Previous studies on model disulfides indicate that mono-oxygenated thiosulfinates RSS(=O)R’ (also known as disulfide-S-monoxides) are the initial products formed by H₂O₂, peracids and HOCl [[15], [16], [17], [18], [19], [20]]. Thiosulfinates typically have relatively modest half-lives (minutes – hours) in solution, and can undergo further reactions resulting in cleavage of the disulfide bond [17,19,21,22]. The mechanism by which this occurs remains to be established. The formation of thiosulfinates on proteins is less well characterized [17,21], though similar reactions of such species might be predicted to have major impacts on protein structure and function. Such reactions may be a major factor in loss of activity of protein-based pharmaceuticals [23], and contribute to the accumulation of dysfunctional, mis-folded or aggregated proteins during human pathologies (e.g. Ref. [24,25]).
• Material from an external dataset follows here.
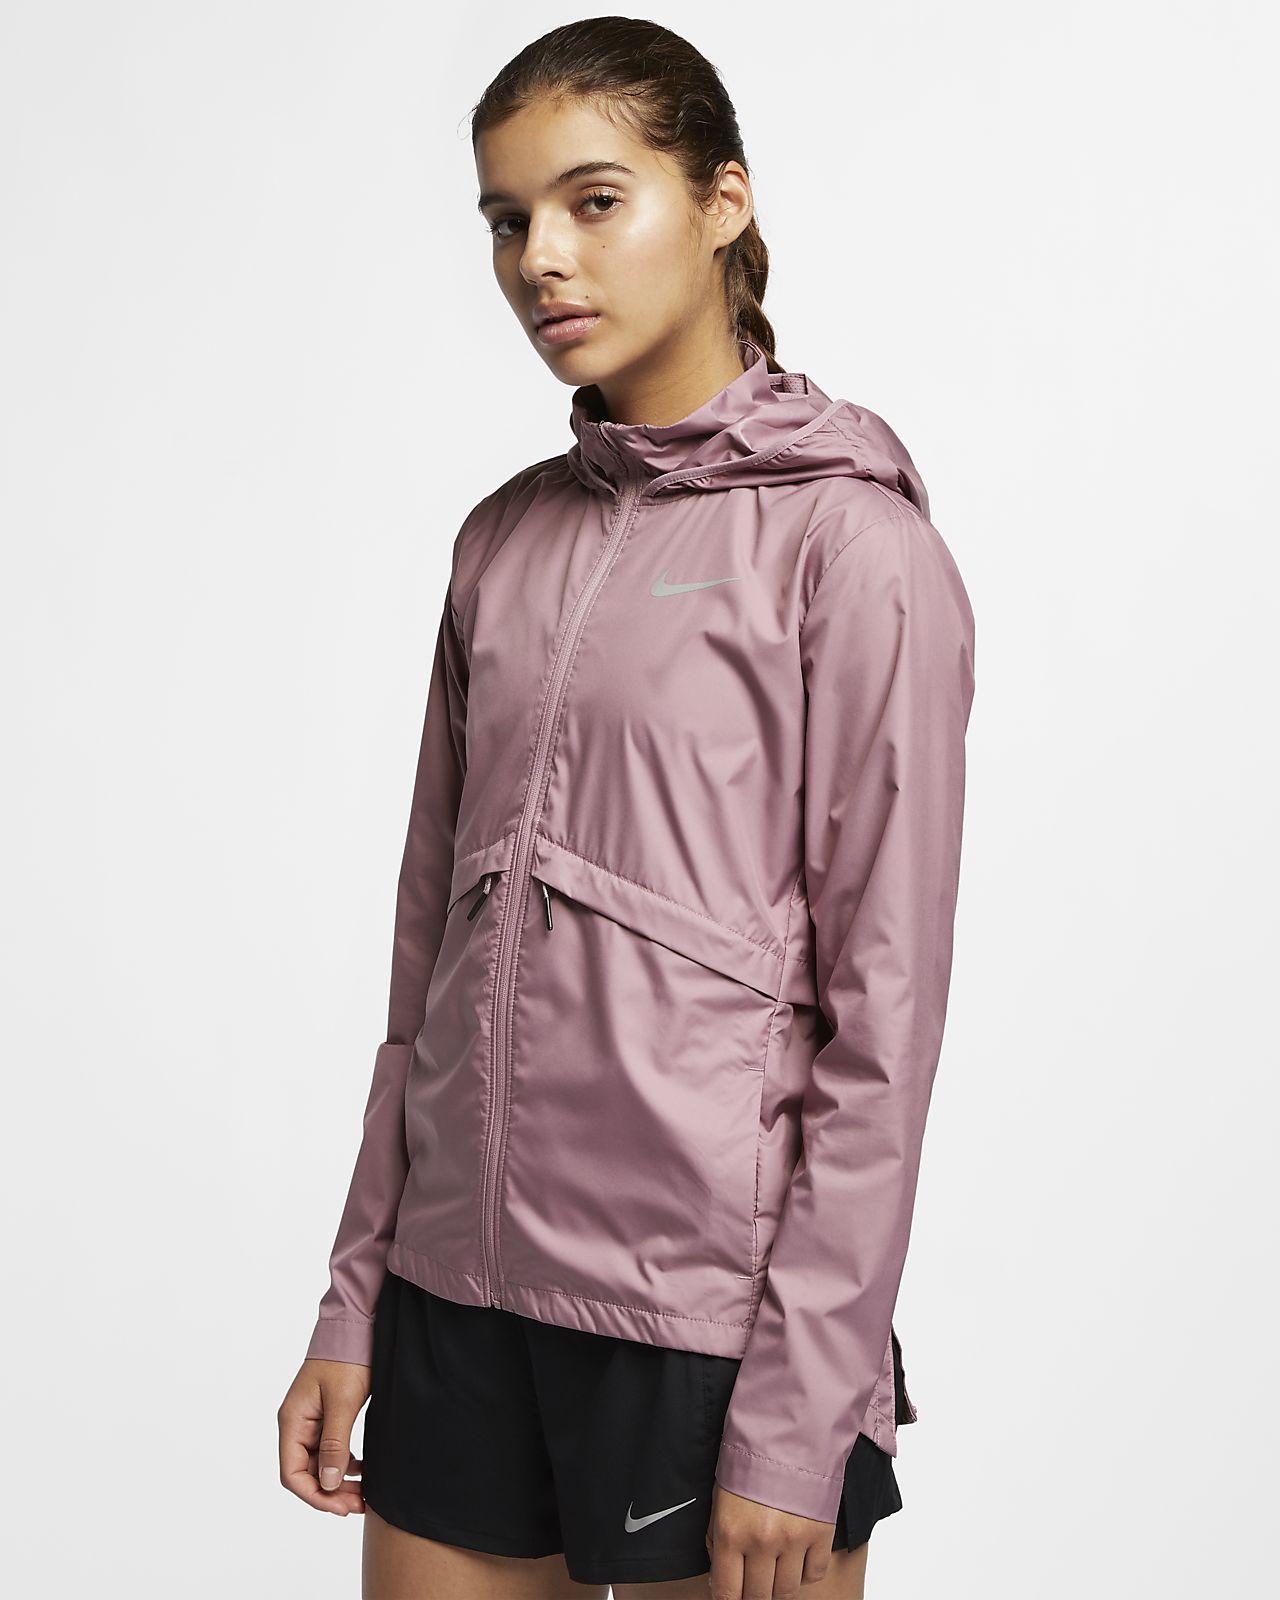 Donna Giacca Da Impermeabile Running Xfhwwnadq Nike Essential Packable wHIxUqH

The aim of the studies reported here was to investigate disulfide oxidation by HOCl, and the mechanism and consequences of this process. Studies were carried out using a nine amino acid peptide (N-Ac-Cys-Nle-Arg-His-(D)2-Nal-Arg-Trp-Gly-Cys-NH₂; Fig. 1; referred to as Naph-SS from hereon) containing a fluorescent a 2-naphthylated Ala residue; (D)2-Nal) and a disulfide-bond between Cys1 and Cys9. This peptide was chosen for these studies as it is readily available at high purity, reacts rapidly with HOCl (see below), has a relatively long elution time on reverse phase chromatogrsphy columns (allowing ready detection of more polar, earlier eluting, products), contains no Cys or Met residues and a blocked N-terminal amine, that would otherwise by major alternative targets for HOCl [10], and can be readily detected as a result of the strong UV and fluorescent properties of the (unreactive) (D)2-Nal residue.